Take Your PCBs From Good To Great: Toner Transfer

Blog

HomeHome / Blog / Take Your PCBs From Good To Great: Toner Transfer

Aug 10, 2023

Take Your PCBs From Good To Great: Toner Transfer

A lot of us make circuit boards at home. I find it a useful skill to have in my bag of tricks for intermediate steps along the way to a finished project, even if the finished version is going to be

A lot of us make circuit boards at home. I find it a useful skill to have in my bag of tricks for intermediate steps along the way to a finished project, even if the finished version is going to be sent out to a PCB fab. When I need a breakout board that meshes with other development tools, for instance, there’s nothing like being able to whip something up that plugs right in. Doing it quickly, and getting on with the rest of the project instead of placing an order and waiting for delivery, helps keep me in the flow.
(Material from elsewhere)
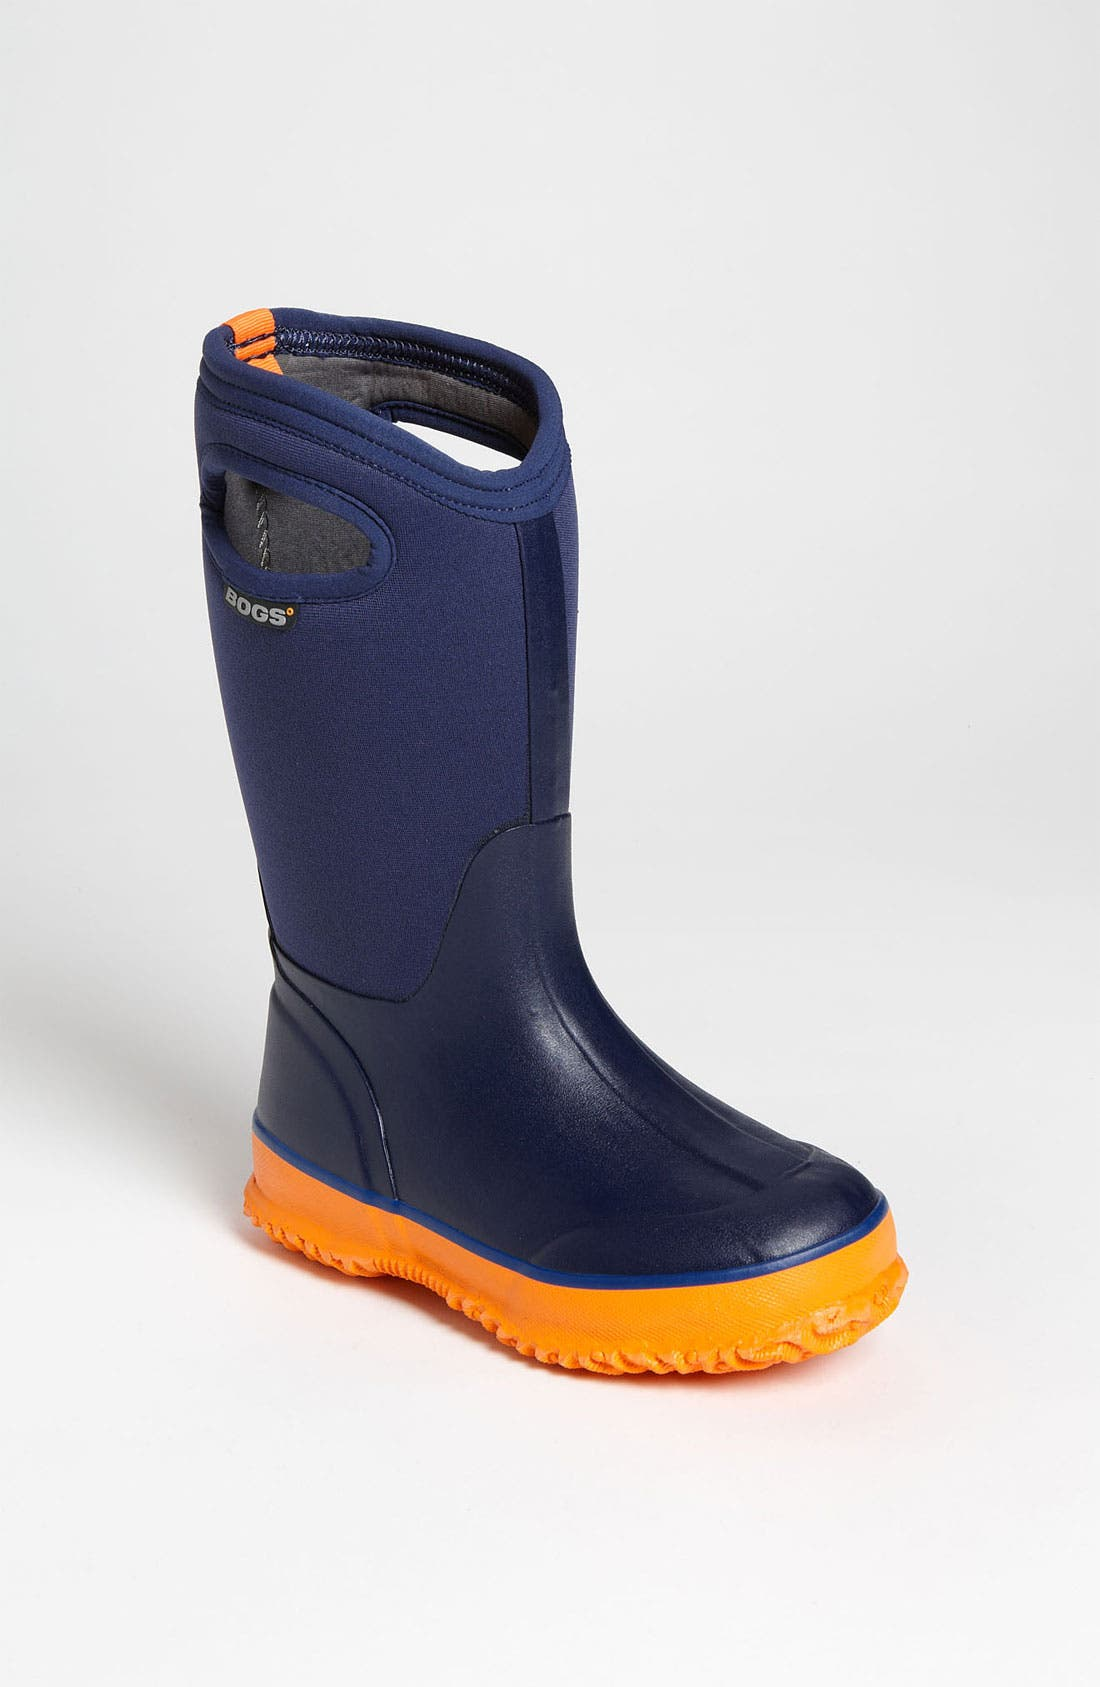 Alternate Image 1 Selected - Bogs 'Classic High' Waterproof Boot (Toddler, Little Kid & Big Kid)

Toner transfer is by far the fastest way to make a circuit board at home — simply print the circuit out on a laser printer, iron it onto the copper, and etch. When it works, it’s awesome. When it doesn’t, it can be a hair-pulling exercise in figuring out which of myriad factors are misaligned.

For a long time now, I’ve been using a method that’s very reliable and repeatable. Recently, I’ve been tweaking a bit on the performance of the system, and I thought I’d share what I’ve got. At the moment, I’m able to very reliably produce boards with 6 mil (0.15 mm) traces and 8 mil (0.20 mm) spacing. With a little care in post-production, 4 mil / 6 mil is entirely plausible.

That’s good enough for most of my prototyping needs, covering TSSOP parts down to 0.65 mm pin pitch and allowing me to feed two traces through an 0805 surface-mount resistor or capacitor. It’s on par with the cheapest of professional manufacturing houses, but I can turn around a board in about fifteen minutes. Beats the heck out of ordering and waiting, in my book. When I need luxuries like silkscreen and through-hole plating there are workarounds, but mostly I’ll skimp on those until the final version is made.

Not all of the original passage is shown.